Die nationalkonservative Regierung Polens soll nach dem Willen der EU-Kommission binnen zwei Monaten die Bedenken bei der Reform des Verfassungsgerichts ausräumen. "Ich werde diese Sache nicht fallenlassen", sagte der Erste Vizepräsident der EU-Kommission, Frans Timmermans. Die EU-Kommission empfinde eine starke Solidarität mit der polnischen Bevölkerung, die das Recht auf eine unabhängige Justiz habe. Es sei weiterhin möglich, eine Lösung zu finden, auch wenn ihn die Erfahrung des vergangenen Jahres nicht zu Optimismus verleite.

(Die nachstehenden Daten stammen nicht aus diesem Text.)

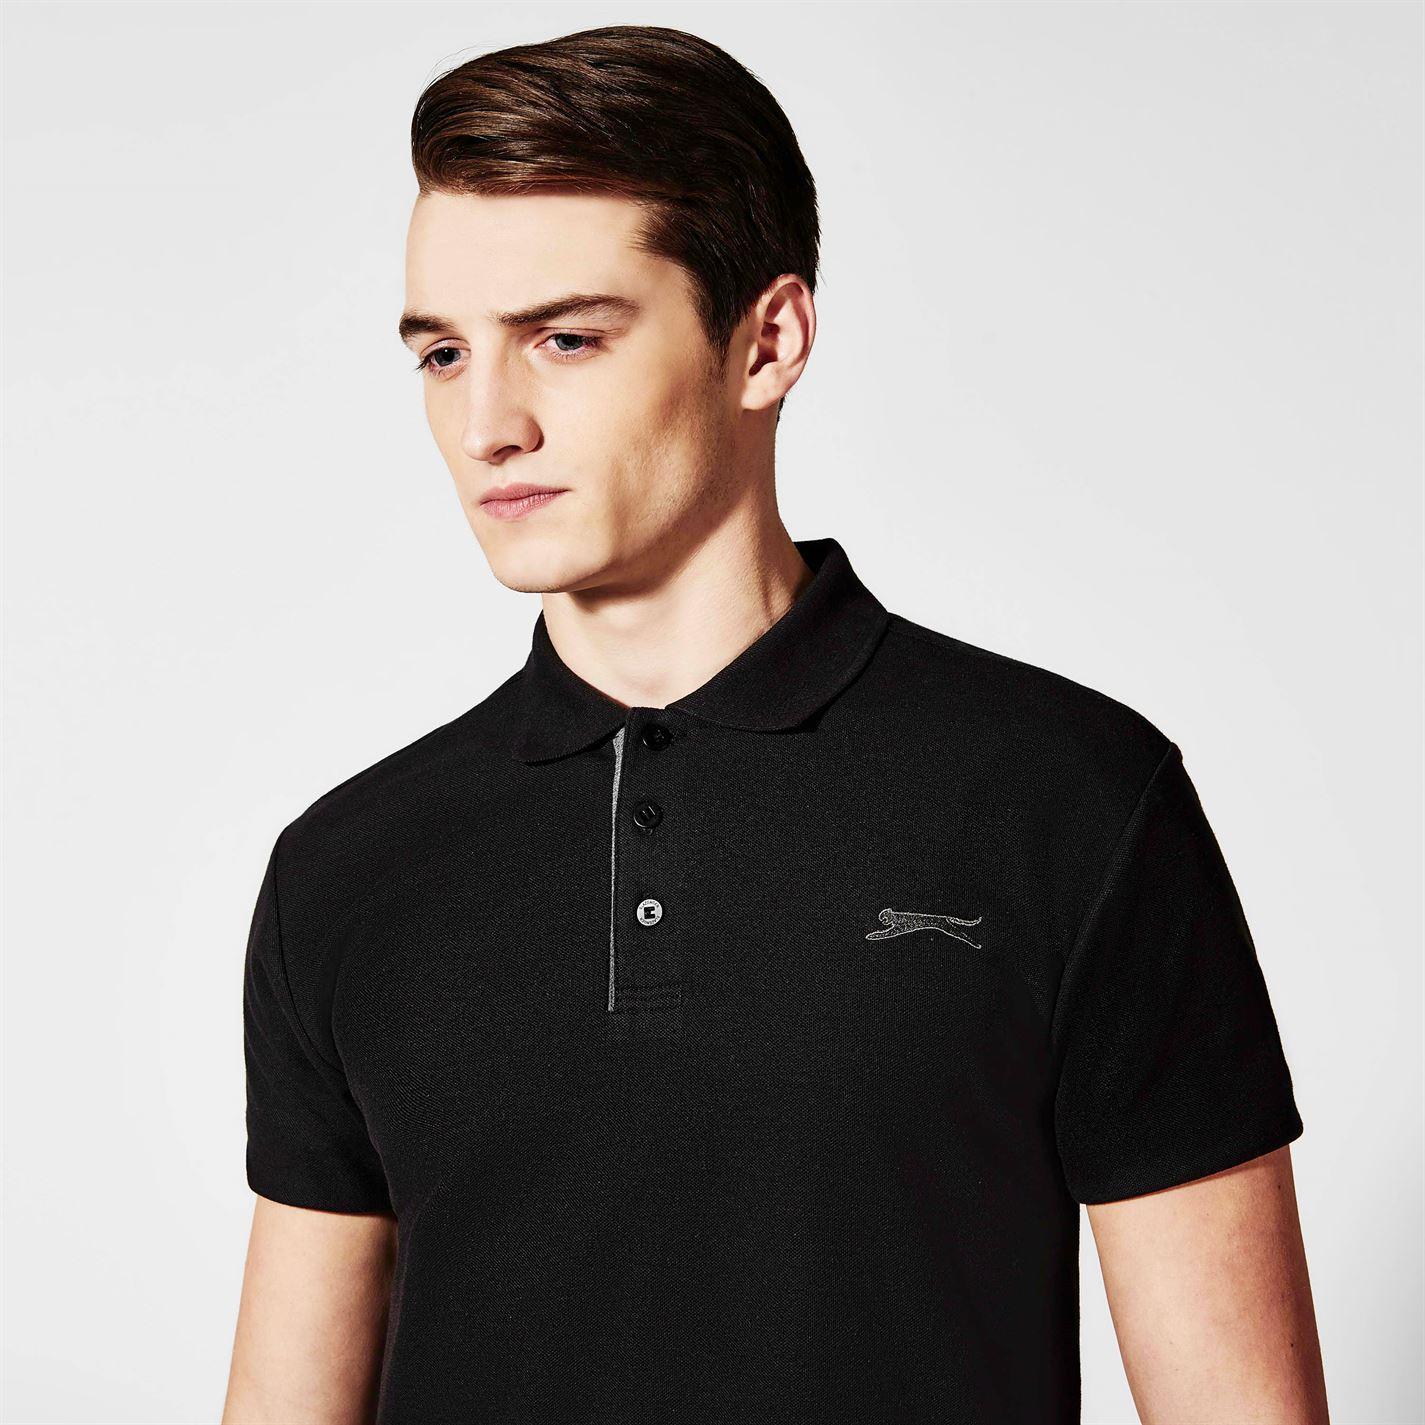 7985ea8956 Slazenger Plain T Shirt Mens

Polen sieht dagegen keinen Handlungsbedarf. "Das Problem gehört der Vergangenheit an", sagte Regierungssprecher Rafal Bochenek. Der Streit um das Verfassungsgericht sei durch die Reformen und die Wahl der neuen Vorsitzenden Richterin Julia Przylebska gelöst worden.

Die Kommission hatte Anfang Januar gegen Polen und damit erstmals gegen ein EU-Mitgliedsland ein Verfahren wegen Zweifeln an der Einhaltung demokratischer Prinzipien eingeleitet. Timmermans sagte, dass trotz intensiver Gespräche die drei größten Bedenken der Brüsseler Behörde nicht ausgeräumt seien: Die Frage der Ernennung der Richter am Verfassungsgericht, die Veröffentlichung der Urteile und die Gesetzgebung zur Funktionsweise des Gerichts.

Stimmrecht entziehen als letzte Maßnahme

Der für den Fall zuständige Timmermans räumte ein, dass nach Ablauf der neuen Frist die Unterstützung der anderen EU-Staaten und des EU-Parlaments notwendig sei, um weitere Maßnahmen zu ergreifen. Als letzte Möglichkeit können einem Mitgliedsland die Stimmrechte im EU-Rat entzogen werden. Das bedarf allerdings der Zustimmung aller anderen Länder. Ungarn, das wie Polen von einer nationalkonservativen Regierung geführt wird, hatte Widerstand gegen einen solchen Schritt angekündigt.

Bereits Ende Juli hatte die EU-Kommission die Regierung in Polen aufgefordert, die Reformen binnen drei Monaten abzuschwächen. Die in Warschau regierende PiS-Partei bringt die staatlichen Medien und die Justiz seit ihrem Amtsantritt vor einem Jahr zunehmend unter Kontrolle. Zuletzt plante sie, die Berichterstattung aus dem Parlament zu beschränken, stellte nach Protesten von Medien und Bevölkerung aber Zugeständnisse in Aussicht.